You can compare this to Die Hard and Speed; in Die Hard, there was the relationship between Bruce Willis and Reginald VelJohnson, in Speed, Keanu Reeves and Dennis Hopper. There is hardly any setup to speak of; we are plunged immediately into Ryder's scheme, and we do not learn much about his background, except what he reveals to Garber. Garber is a more fully-fleshed out character, played convincingly by Washington. Garber has been placed in a scenario where he gets a chance to do something heroic, to atone for his past mistakes, since the bribe allegations are likely true and have tarnished his career.

Garber possess no extraordinary talents; he is not trained to deal with people like Ryder, but he can nonetheless make a difference, and emerges as the only person who can thwart disaster. Camonetti is initially distrustful of Walter, and thinks he is out of league, and there is also friction between Walter and his boss, John Johnson (Michael Rispoli). On the other hand, there is no discord at all in Ryder's gang; his three subordinates follow his commands, and never contest his authority. Travolta makes for an interesting, menacing villain, but he is not as memorable here as he was in Face Off. He still has fun with the role, though.

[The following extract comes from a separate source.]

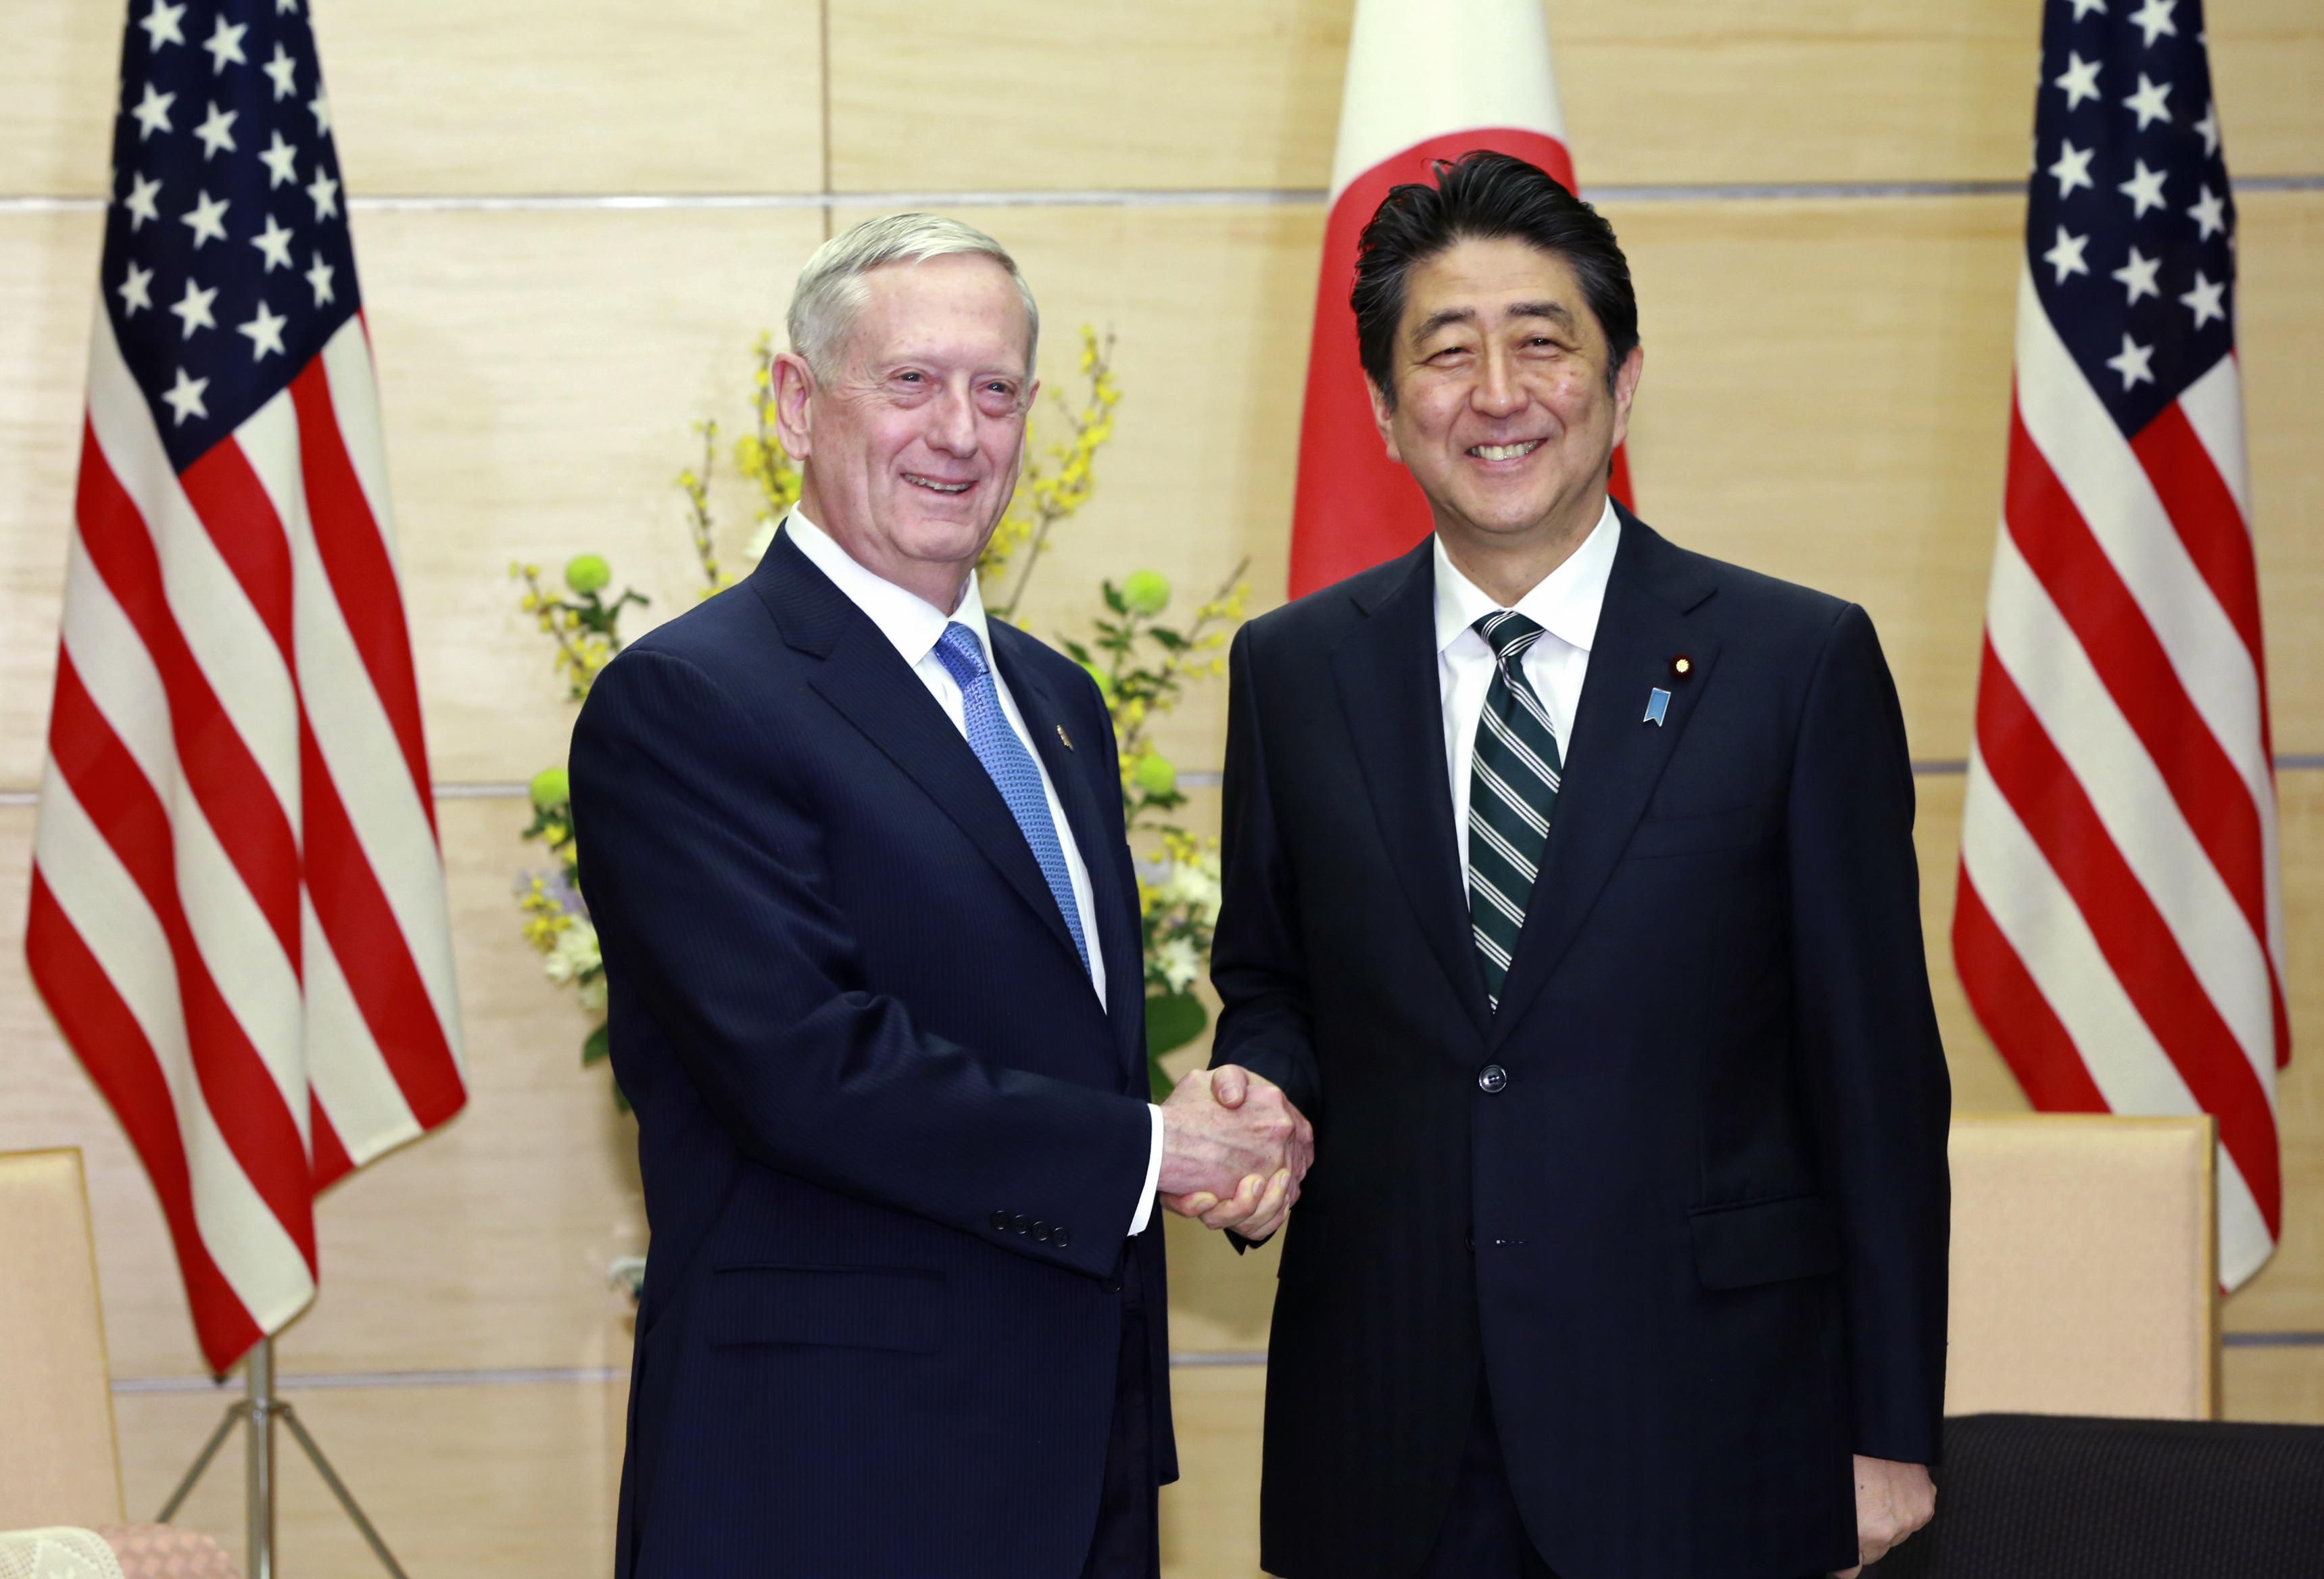 U.S. Defense Secretary Jim Mattis (L) and Japanese Prime Minister Shinzo Abe at the prime minister's office in Tokyo on Feb. 3, 2017. (AP Photo/Eugene Hoshiko, Pool)
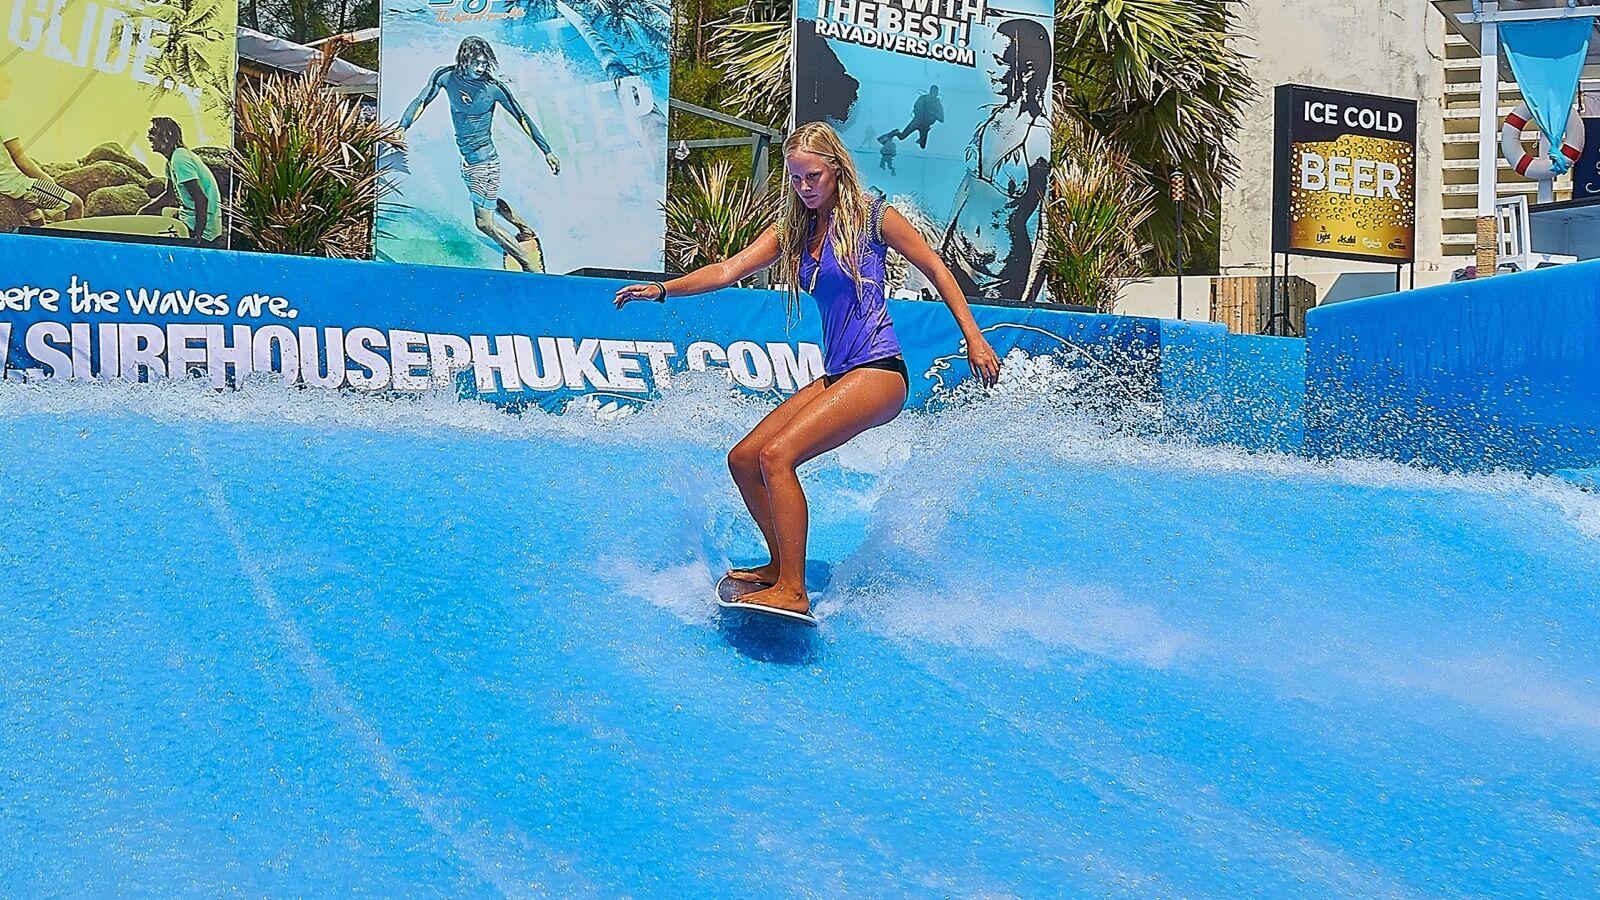 Surf House Phuket

Gandolfini and Turturro are excellent. Contrived final act is intended to morph Walter into an action hero; this segment is out of sync with everything that precedes it, but it is not an insurmountable flaw. Washington sells it, despite his Walter being visibly out-of-shape, and thus not able to carry out physically demanding feats of speed and agility. The original is still superior, but, this is still an effective update.